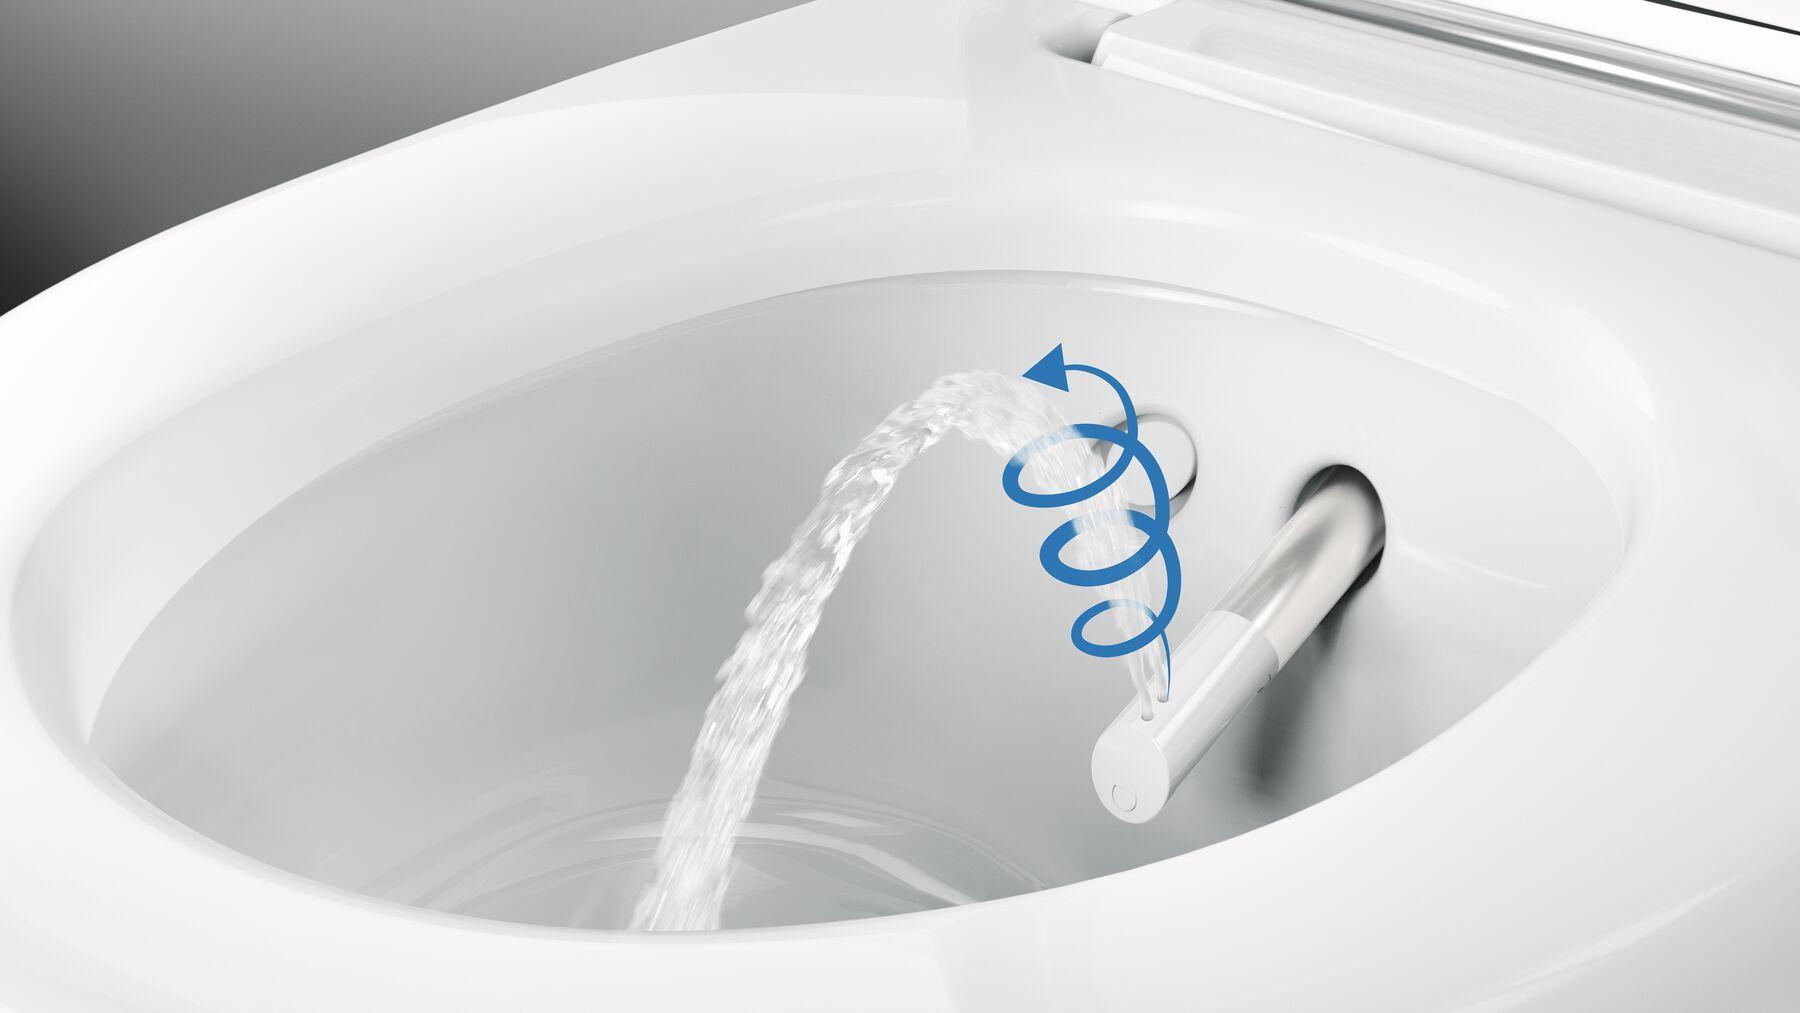 AquaCleanMeraComfortWhirlSpray-geberit_dam-media-large
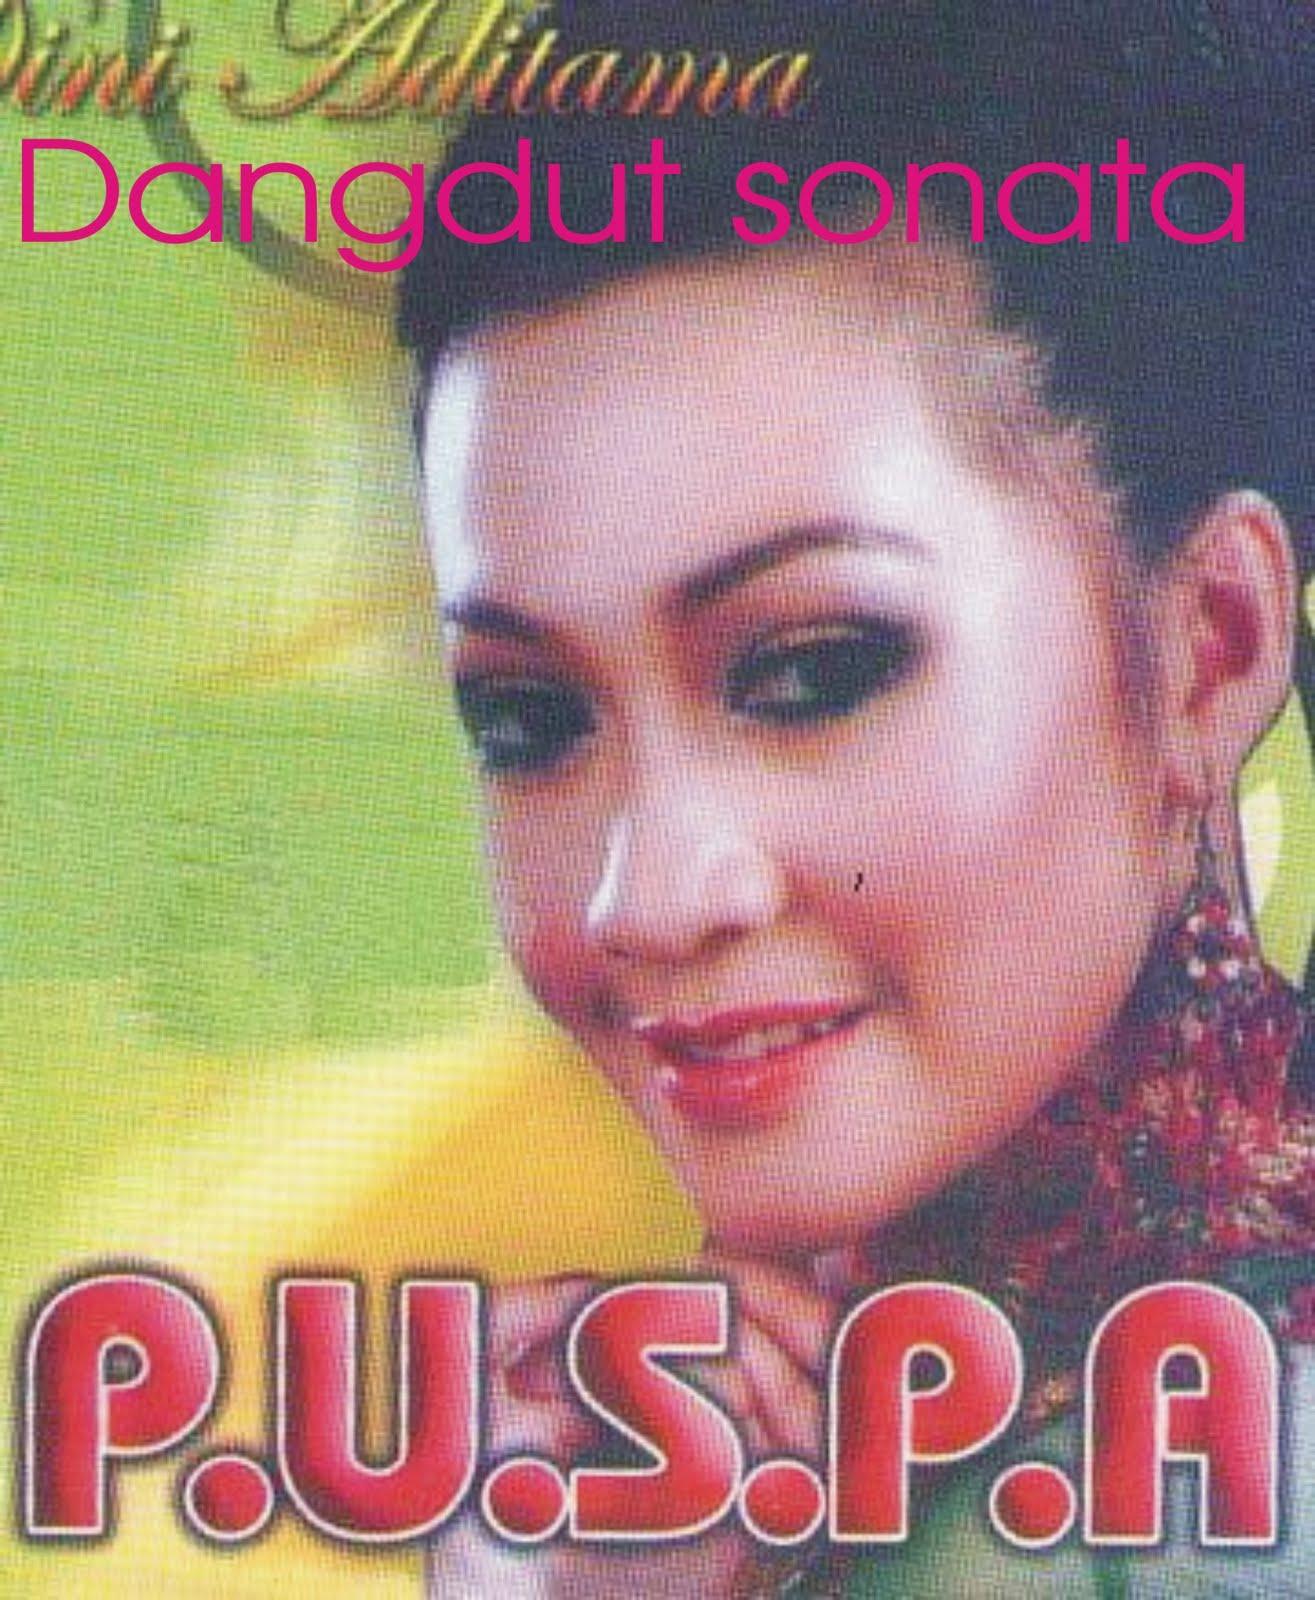 Download Lagu 4 20 Kita Pasti Tua: DANGDUT SIRFTUM: Mei 2010
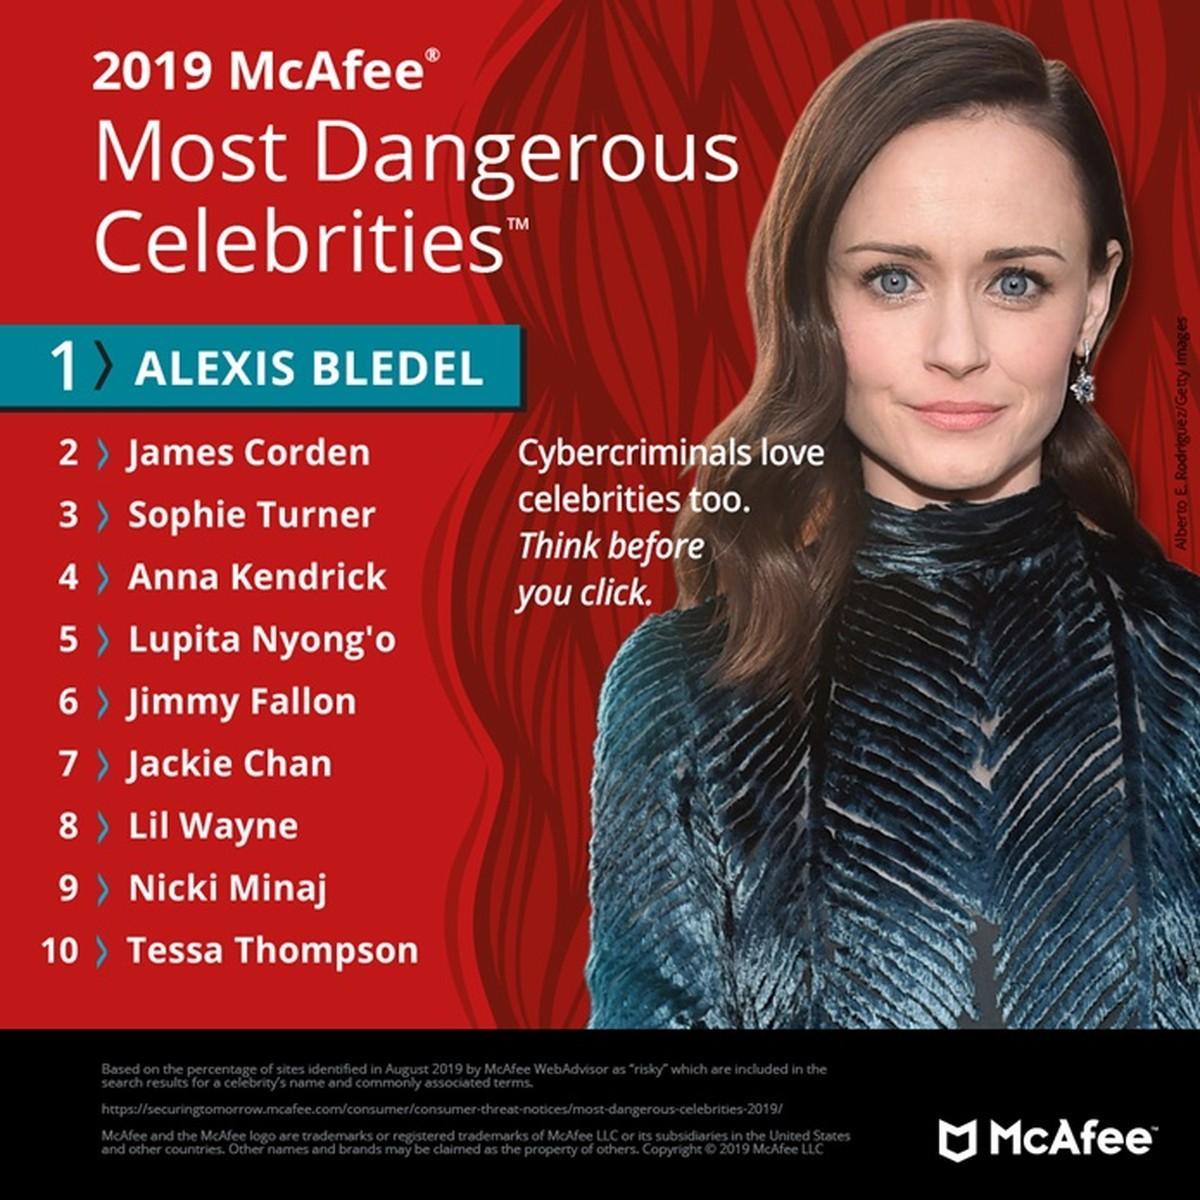 Alexis Bledel adalah selebriti paling berbahaya di Internet;  lihat peringkat

_What is required:_
Transcribe the listing above in full and exactly; no pictures belong in the copy.

_Answer section:_
 AquaCleanMeraComfortWhirlSpray-geberit_dam-media-large
 Download Lagu 4 20 Kita Pasti Tua: DANGDUT SIRFTUM: Mei 2010
 Alexis Bledel adalah selebriti paling berbahaya di Internet;  lihat peringkat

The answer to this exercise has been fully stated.